Last year, the department announced that it appointed Nexus Forensic Services in September 2015 to conduct a probe into allegations of fraud and corruption in the allocation of NSFAS at ten institutions of higher learning.

These included:

Tshwane University of Technology;

Durban University of Technology;

University of Limpopo;

North-West University;

University of the Witwatersrand;

University of Zululand;

Majuba TVET College;

King Hintsa TVET College;

Ehlanzeni TVET College; and

Buffalo City TVET College

At the time, the department said part of the probe would determine the extent of misrepresentation and fraud committed by students who qualified and have received financial aid, including parents and guardians, employees of public universities and TVET colleges, NSFAS employees and individuals who have manipulated financial aid processes to defraud NSFAS.

Speaking at the same media briefing today, Nzimande said R15.2 billion was allocated for NSFAS this year.

He said NSFAS will fund 205 000 new and continuing students at universities.

An additional 200 000 students will benefit at TVET colleges.

The minister said there were places for 197 400 new university entrants across 26 universities in the country this year.

“The 2017 university enrolment planning process addresses specific scarce skills areas, which have been identified as critical to achieve the goals of the National Development Plan, New Growth Path and Industrial Policy Action Plan in engineering sciences, animal and human health sciences, natural and physical science and teacher education,” Nzimande said.

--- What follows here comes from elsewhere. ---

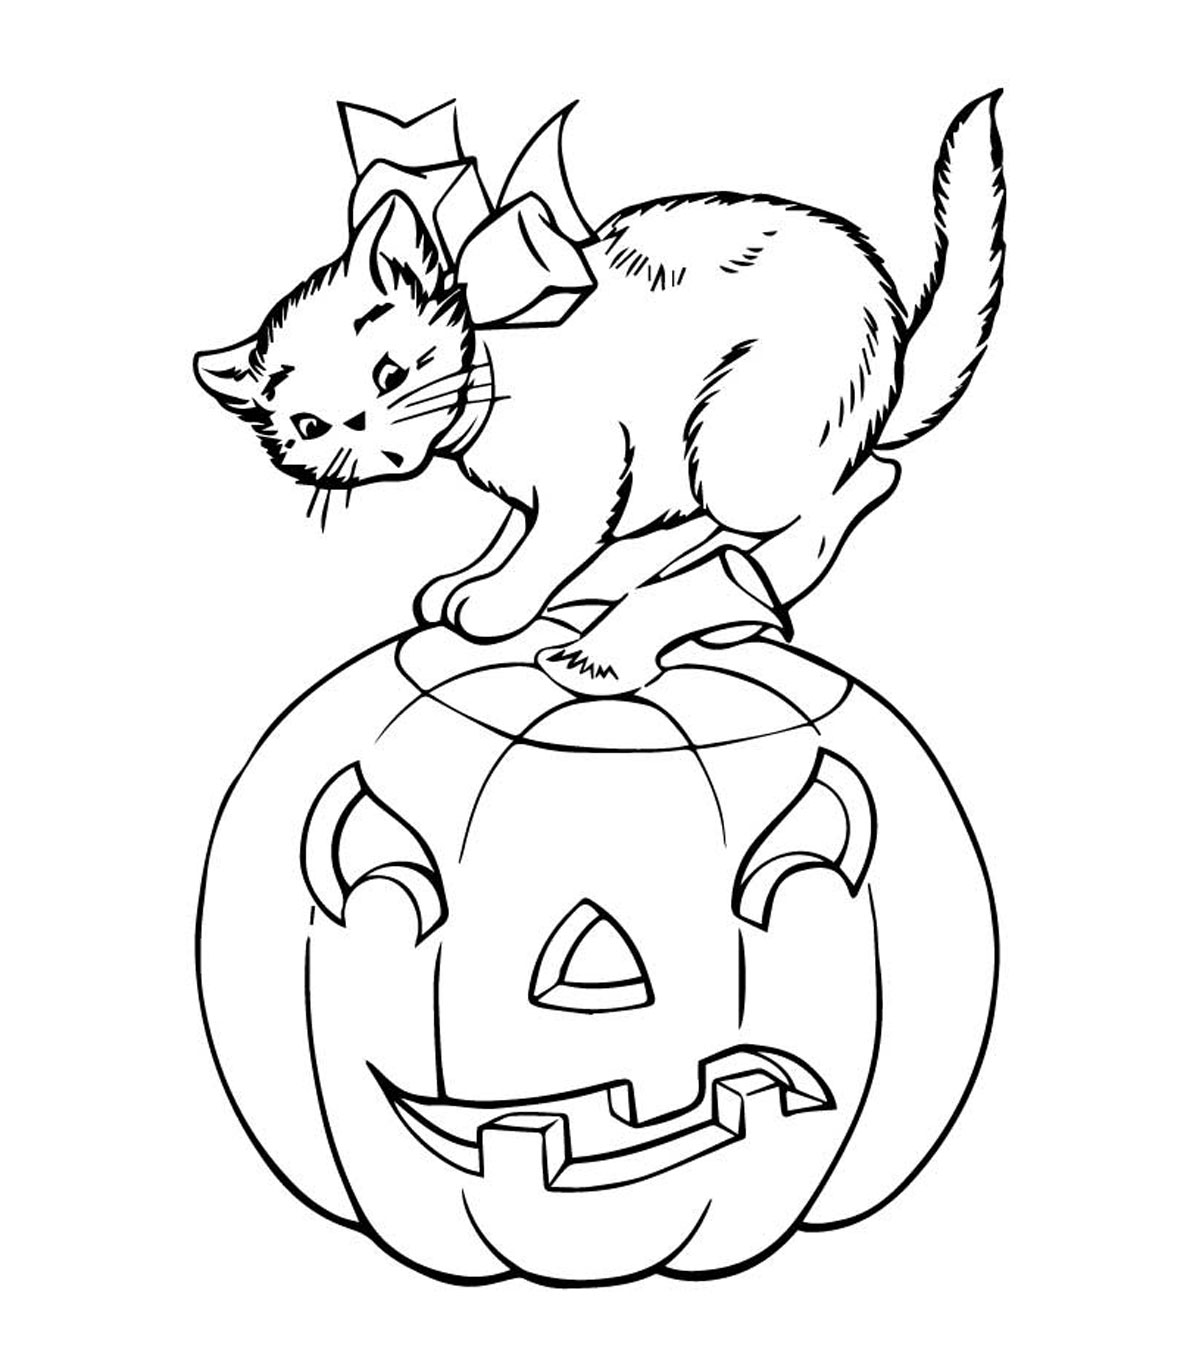 Top 25 Pumpkin Patch Coloring Pages Your Toddler Will Love To Do_image

Of the 197 400 new students, about 63 950 will be enrolling in scarce fields that include engineering programmes, life and physical sciences, human health programmes and veterinary sciences.

Government will pay the fee increase, capped at 8%, for all qualifying registered students with a gross combined family income up to R600 000 a year.

“This is a grant, which covers the increases for tuition fees and university or college managed accommodation, and will not have to be repaid by qualifying students. This will benefit more than 75% of university and TVET college students, and in some institutions, more than 90% of students,” Nzimande said.

He said he believed there was a third force involved in the #FeesMustFall protests, which gripped the country last year.

Nzimande said there were “opportunists” who took advantage of the legitimate cause of students.

He said these opportunists burnt down property to discredit the ANC government, while others used the protests hoping that university statuses would be damaged to start private institutions to make a “lot of money”.

Nzimande said protests over access to universities were prevalent even during the apartheid era in black universities. Government was in agreement with the students’ cause and this was evident by its policies, he said.

“We are on the same side. We have policies to fund [poor] students up to the undergraduate [level].”.